# seafoam question (again)



## wutsup (Dec 10, 2005)

ok ive got a picture of the engine. can someone point out exactly wear the vacuum line/carburetor/intake manifold is so i can put seafoam in it. thx.

http://www.4dsc.com/articles/drivetrain/engines_general/images/vg30e.jpg


----------



## nismosleeper (Jan 16, 2005)

wutsup said:


> ok ive got a picture of the engine. can someone point out exactly wear the vacuum line/carburetor/intake manifold is so i can put seafoam in it. thx.
> 
> http://www.4dsc.com/articles/drivetrain/engines_general/images/vg30e.jpg


Don't make a new thread. READ your old one. The black thingy that sucks in air goes to the silver aluminum thingy called a throttle body, which is connected to your intake manifold, which has NISSAN stamped on it, also aluminum.


----------



## wutsup (Dec 10, 2005)

sorry for the new post, but what line do i put the seafoam in? can you point it out? thank you


----------



## alexnds (Oct 1, 2005)

*intake manifold*



wutsup said:


> ok ive got a picture of the engine. can someone point out exactly wear the vacuum line/carburetor/intake manifold is so i can put seafoam in it. thx.
> 
> http://www.4dsc.com/articles/drivetrain/engines_general/images/vg30e.jpg


The intake manifold is that gray thing with the letters Nissan all over it.

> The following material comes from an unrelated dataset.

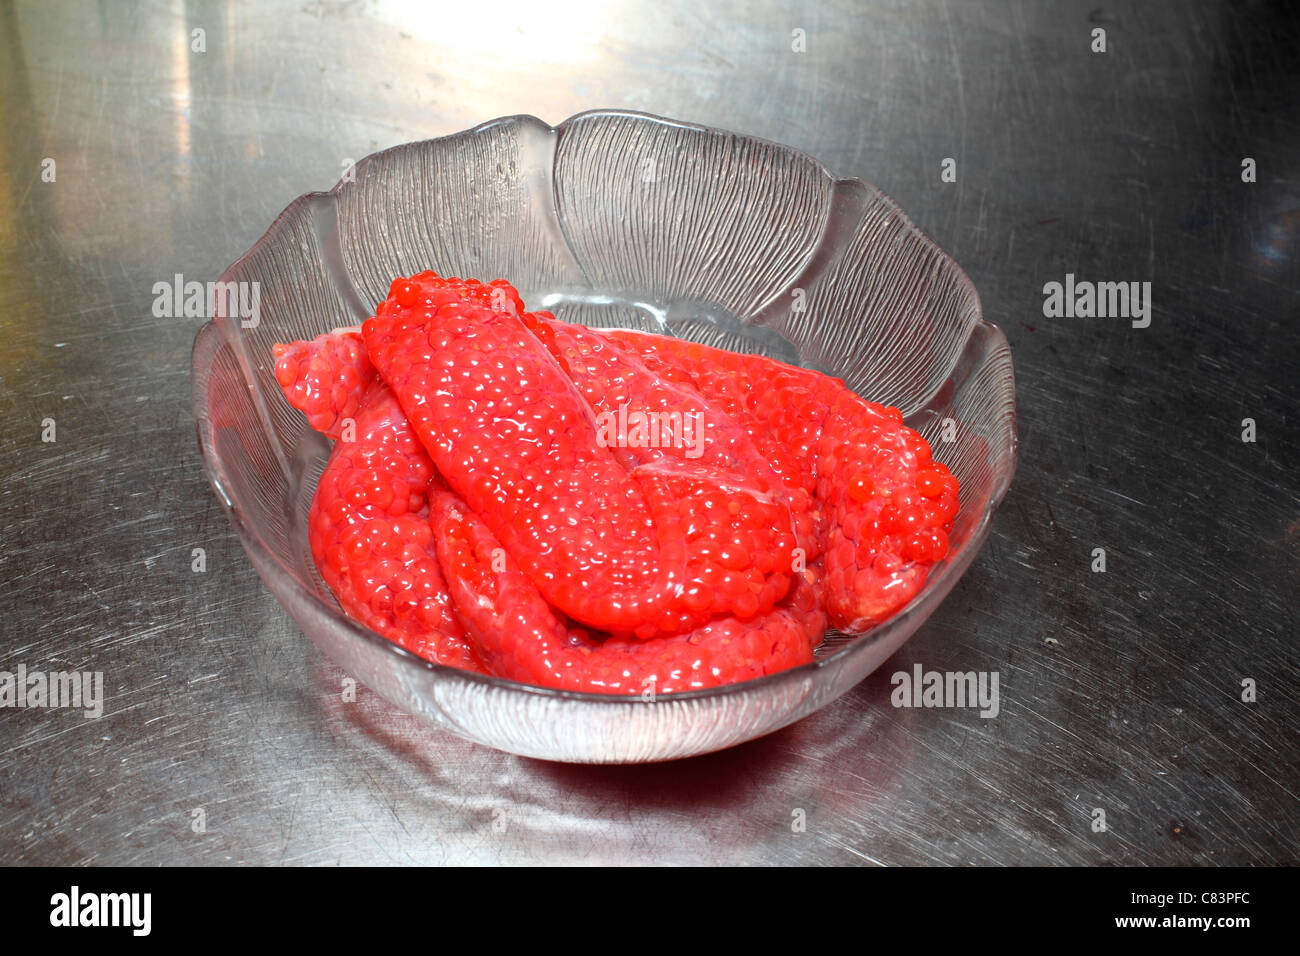 Salmon roe in a  glass bowl on a stainless steel counter Stock Photo

The car, by the way, is fuel injected, not carberated. If you want to clean the motor, I suggest you take some care and cover up the spark plug wires, the distributor cap and alternator in plastic bags, that you can temporarily attach with masking tape, and not to get any water on electrical parts. An engine degreaser and a very stiff wire brush will do magic to clean up the upper intake manifold.


----------



## alexnds (Oct 1, 2005)

*where do I put seafoam?*



wutsup said:


> sorry for the new post, but what line do i put the seafoam in? can you point it out? thank you


I have the same question? can somebody help me out where to put seafoam? I honeslty don't know.


----------